The words of the minister and the sniffles of the family were blocked out as I studied the girl. How long had I known her, and had never gotten this close to her. She was on the other side of the casket, mere feet from me. As emotionless as she appeared to be, I thought I saw her wipe a tear, but then I guess she was just scratching an inch by her ear. My mom nudged me, whispering to me that it was rude to stare, I glanced at the ground.

Then all at once, she looked up at me. Her eyes were... incredible. It’s hard to explain, but it wasn’t like I was seeing her eyes at all. It felt more like I was looking through a window to the memory of that night. Her eyes were dark blue like the night, they shone with tears the same way the stars twinkled in the sky, but then they were clouded with a gray sadness, just as the fire smoke had created a depressing haze that hung over the night.

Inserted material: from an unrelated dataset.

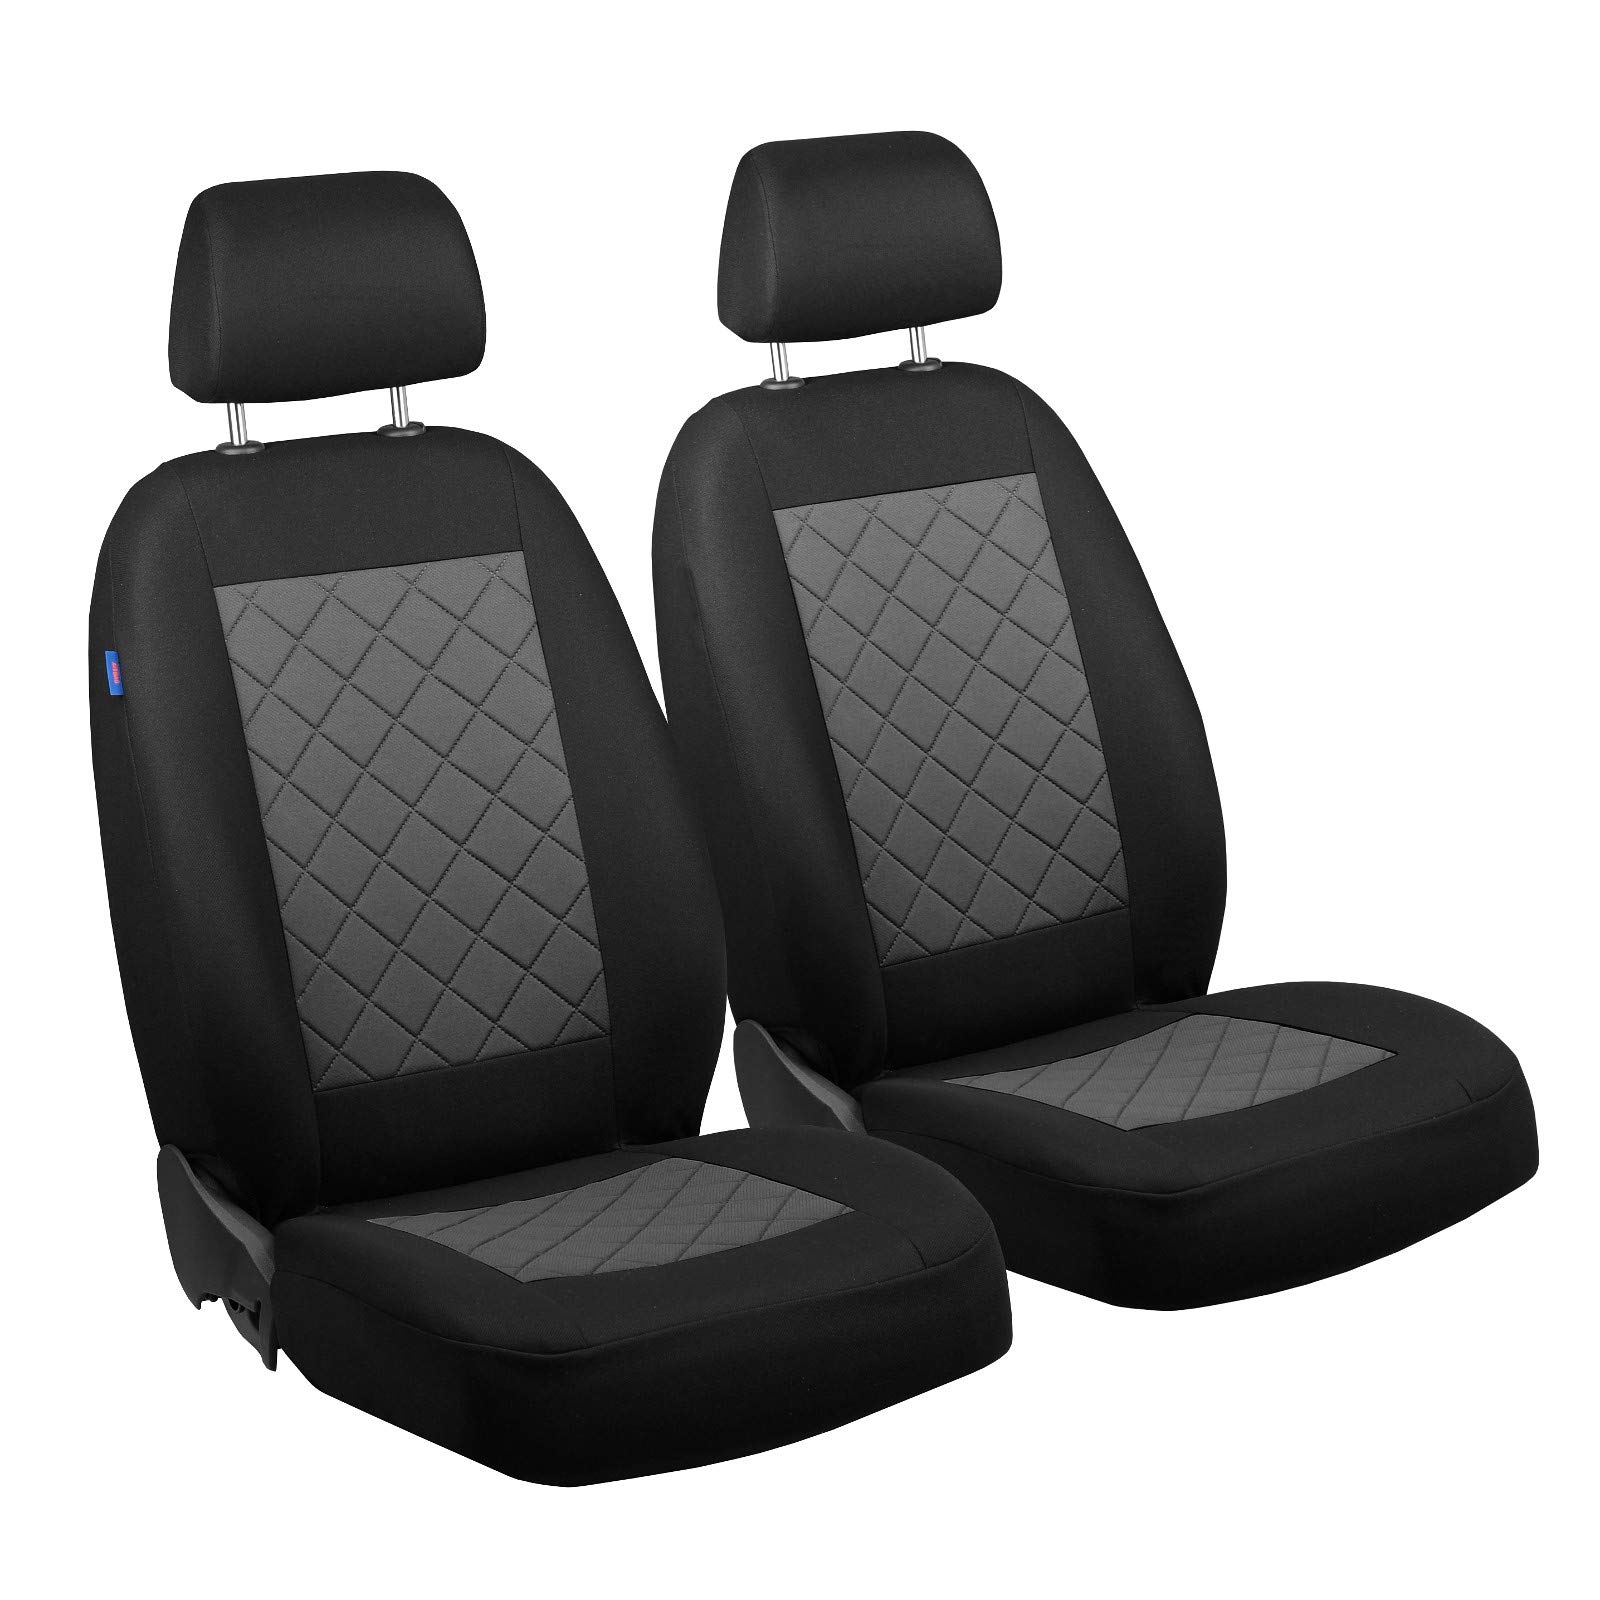 Zakschneider ROOMSTER Vorne Sitzbezüge - für Fahrer und Beifahrer - Farbe Premium Schwarz-grau von Zakschneider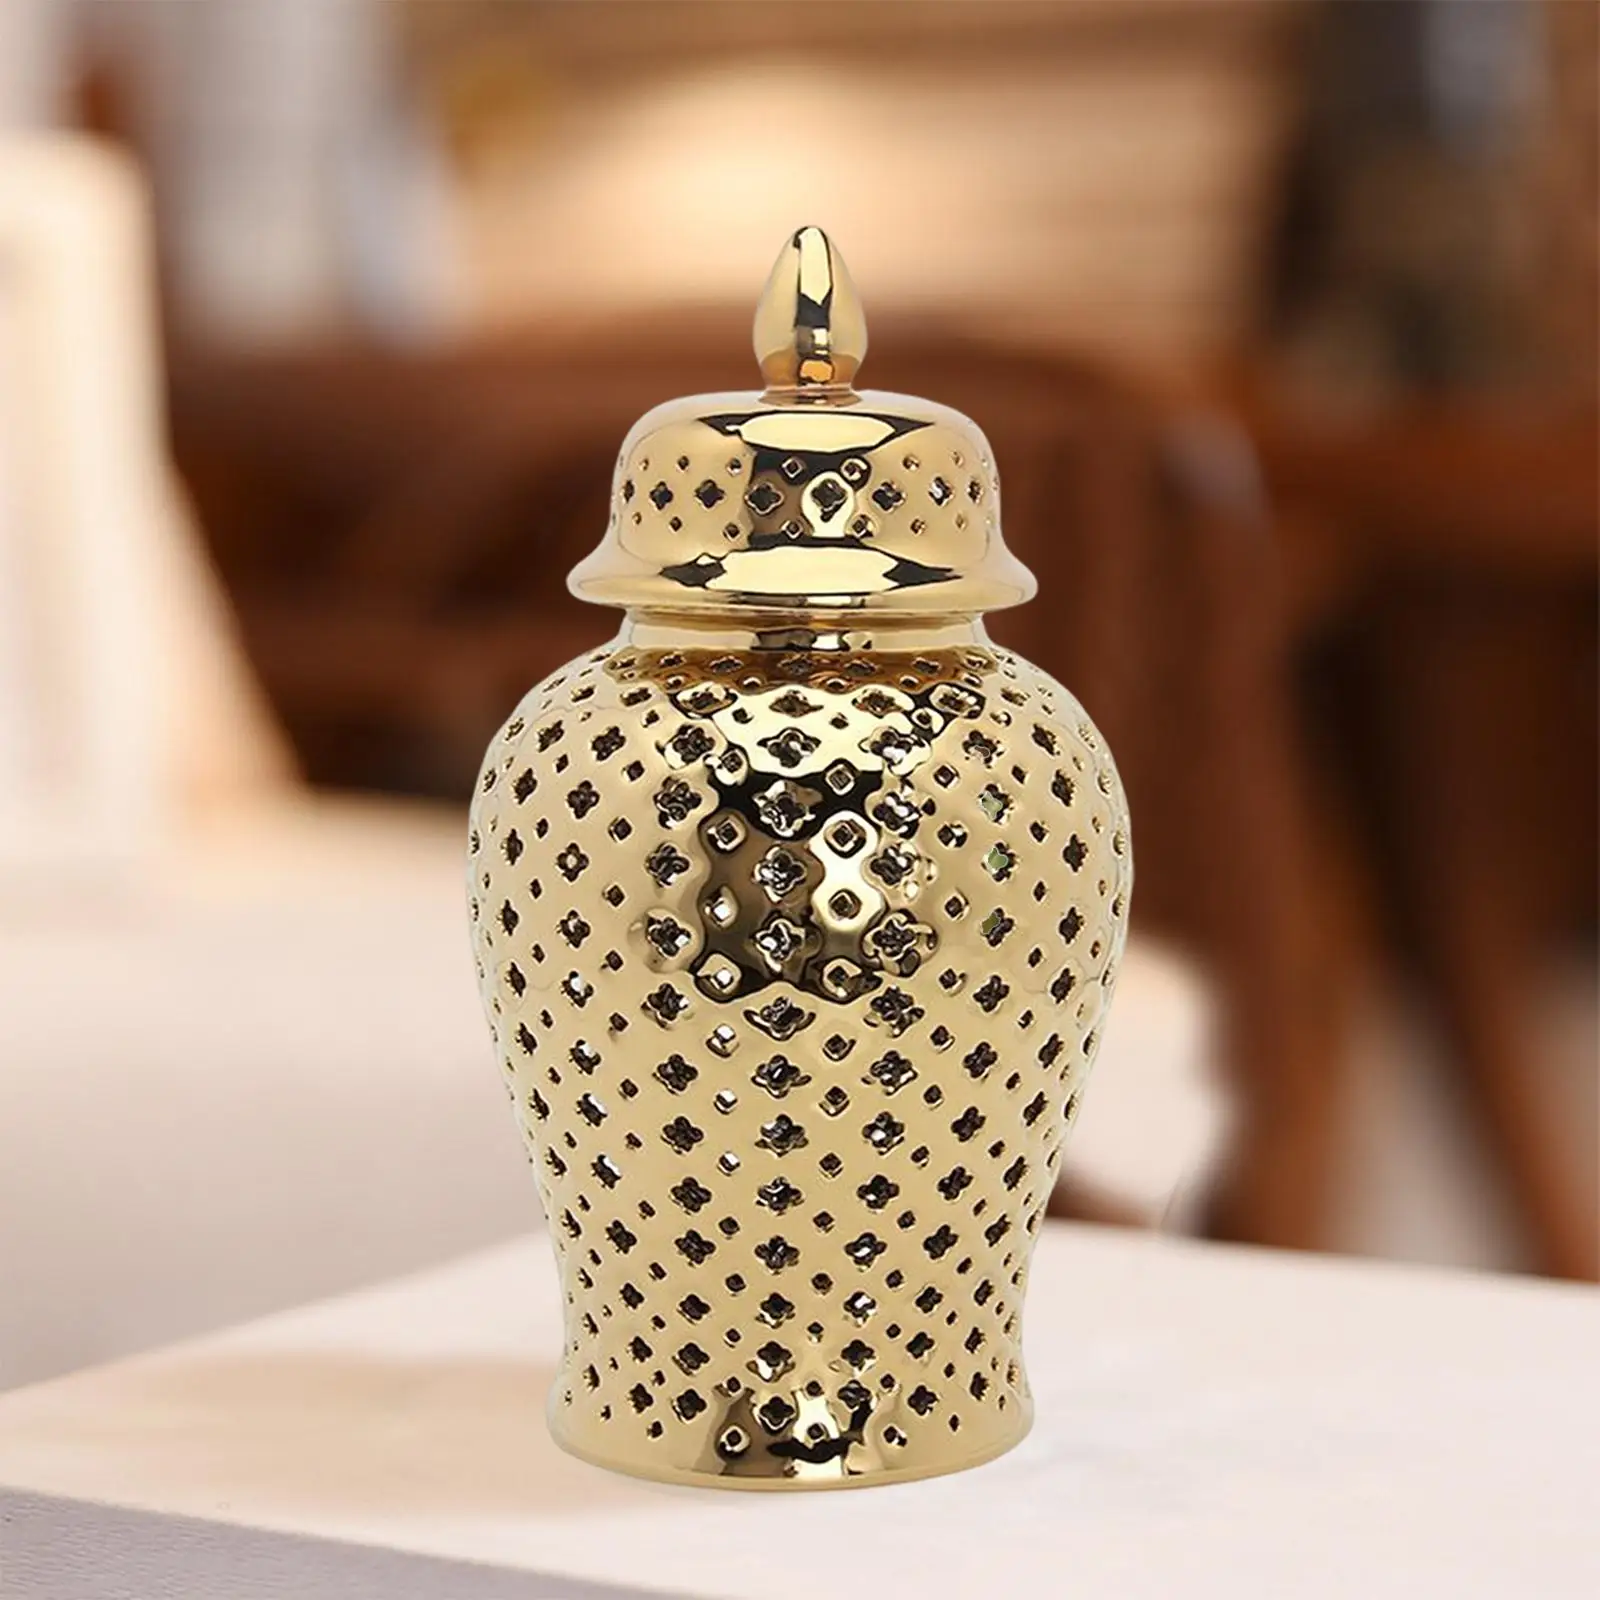 Traditional Ceramic Ginger Jar Decorative Temple Jars Porcelain Jar with Lid

I know my mom had scolded me a mere second earlier, but I

couldn’t look away. Arriving at the funeral that morning, I hadn’t understood why I was there, I didn’t understand death.

Looking into her eyes, she taught me what it was to die, she showed me sadness and complete emptiness. What it meant to be broken, torn apart from the inside out, the utter terror of having your whole world shattered in the blink of an eye. She looked back at the ground, then just like that, in the blink of an eye, the image was gone. The world came back to me louder and more vivid than before, but I felt sadder, my heart was racing, but I couldn’t understand why. I felt such a heartache and pain that it physically hurt to breathe.

I didn’t see Chelsea at the reception, and I didn’t see her at all before her family moved away. Soon, my childhood friend was a distant memory, the name and face of my best friend’s little sister was long lost. That is, until fate brought me face to face with the night of Dylan’s death, throwing me back almost ten years.

Chelsea was back, and with her, came a torrent of memories from a long forgotten past.